Но еще больше, чем медленные лифты, Дочкина потрясла редакционная жизнь. О, это был дивный мир! По коридору бегали, перешучиваясь, не по-советски одетые люди. Из кабинета несся вопль: «Токио, Токио, Москва на проводе! Ответьте! Не слышу!» Кто-то останавливался и с тонкой улыбкой советовал: «Лёва, хватит орать, попробуй просто позвонить в Токио по телефону!» Шутка такая. А столовая, закрытая столовая, где бутерброд с черной икрой стоил двадцать две копейки, сосиски дурманили забытым мясным ароматом, а «боржоми», давно исчезнувший из обычных магазинов, манил красно-синими этикетками! Там, за соседним столиком, могли говорить о том, как на премьере в Доме кино великий актер Холопский напился в хлам и встал на колени перед буфетчицей, моля о рюмке в кредит. Там со знанием дела утверждали, что мулатки на пляс Пигаль буквально ничего не стоят, даже сами пристают к прохожим, чтобы не терять квалификацию. Там учили, что пить надо только ирландский виски, а не скобарский скотч, ну разве если «блю лейбл»…
— Вроде и японский виски ничего.
— Химия!
Жора влюбился в этот мир навсегда и решил поступать на журфак МГУ. Но без публикаций документы у абитуриентов не брали. Дочкин пошел за советом к Вене Шаронову. Почему к нему? Во-первых, к нему шли все молодые и неопытные. Во-вторых, Жора успел с ним подружиться.
Веня Шаронов, плохо сохранившийся пятидесятилетний мужчина с худыми ногами и большим животом, смахивал на негра: жесткие мелкие кудри, приплюснутый нос и черные глаза, замученные плантаторским рабством. Казалось, природа затевала африканца, но в последний момент передумала, выбелив кожу. Веня заведовал в «Мымре» отделом литературы, сочинял стихи и даже, по слухам, имел отношение к очень большой литературе: его первая жена ушла от него к Бродскому. Вторая жена, безуспешная актриса Лидка Бубенникова, происходила из кубанских казачек, была выше мужа на голову и вдвое шире в плечах — чем и пользовалась. Когда Веня приходил домой пьяным (а пьяным он приходил всегда), она встречала его на пороге и без единого укора била в челюсть. Он падал и засыпал. Впрочем, суровость Лидки объяснима: Веня, обычно сдержанный, даже стеснительный, выпив, превращался в сексуального шалопая и задиру. Мог подкатить к чуждой даме, отрекомендоваться помесью еврея с обезьяной и предложить ей краткий, но незабываемый интим в туалете. Иногда его били, чаще смеялись.

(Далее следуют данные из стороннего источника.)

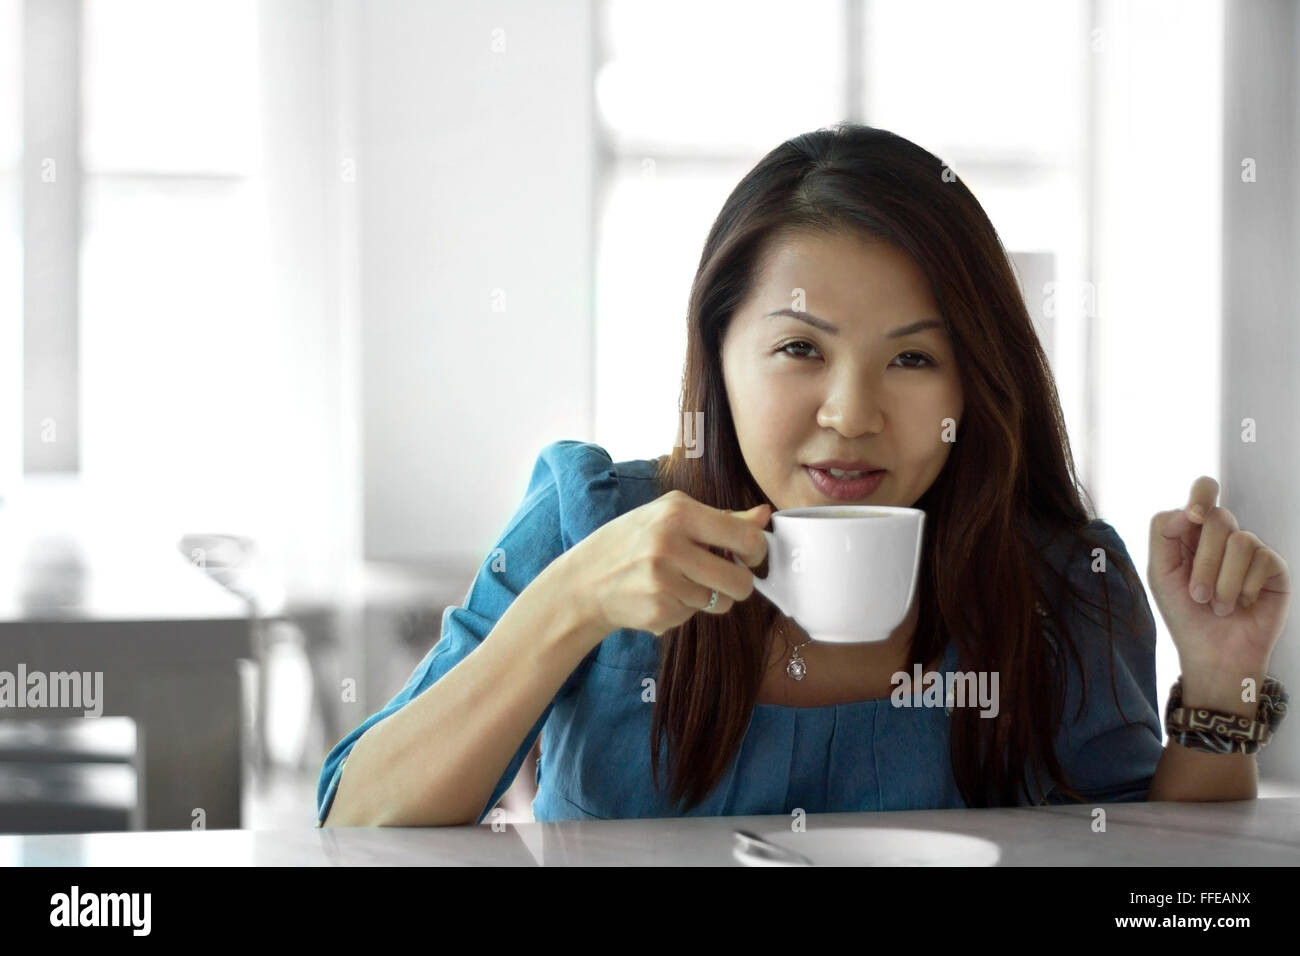 Femmina asiatica belle donne ritratti bere una tazzina di caffè, ragazza cinese relax uno stile di vita in cafe Foto Stock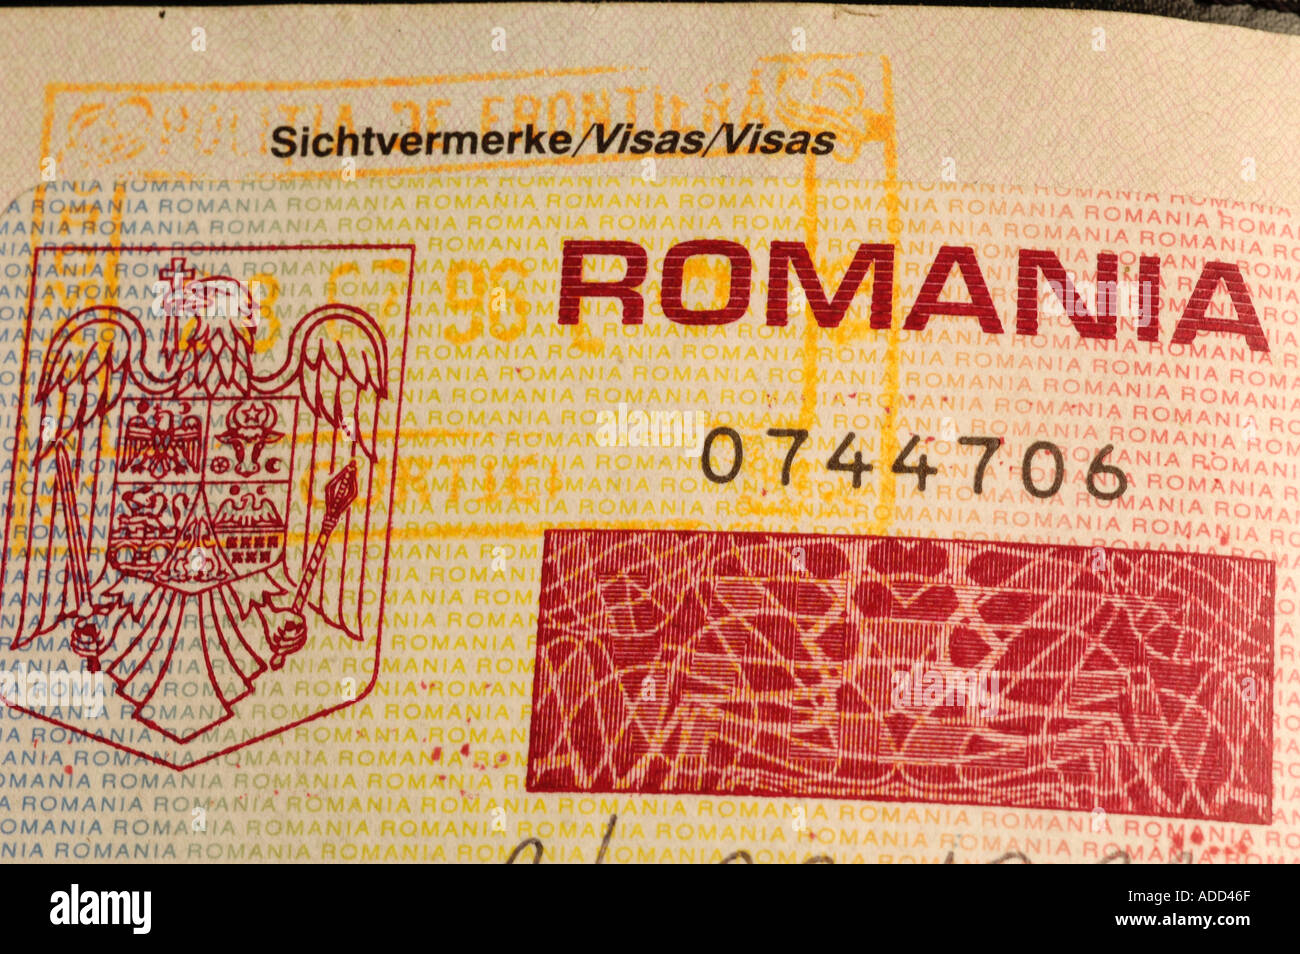 passport with visa form Romania Stock Photo - Alamy

Именно так он и познакомился с Лидкой. Бубенникову тогда жестоко обманул давний любовник — режиссер Пореев: пообещал роль в комедии «Повариха», но в последний момент отдал красотке Тепличной — блондинке с шалыми глазами. Лидка взбесилась, поклялась отомстить и слово сдержала, показательно переспав с «помесью еврея и обезьяны», подсевшей к ней в ресторане Дома кино. Пореев, главный антисемит советского кино, устав от Тепличной, вернулся со съемок и затребовал Бубенникову. Ему шепнули правду, он вскипел обидой, примчался выяснять отношения, но его не пустили на порог. Тогда мэтр в гневе позвонил в столярный цех «Мосфильма», ему привезли двадцатисантиметровые гвозди и молоток. После того, как он намертво заколотил дверь подлой квартиры, Лидке с новым другом пришлось выбираться на волю по пожарной лестнице. Веня был так потрясен внезапным снисхождением этой могучей женщины, что всю ночь читал ей стихи, а под утро предложил руку и сердце. Она сначала долго смеялась, а потом согласилась.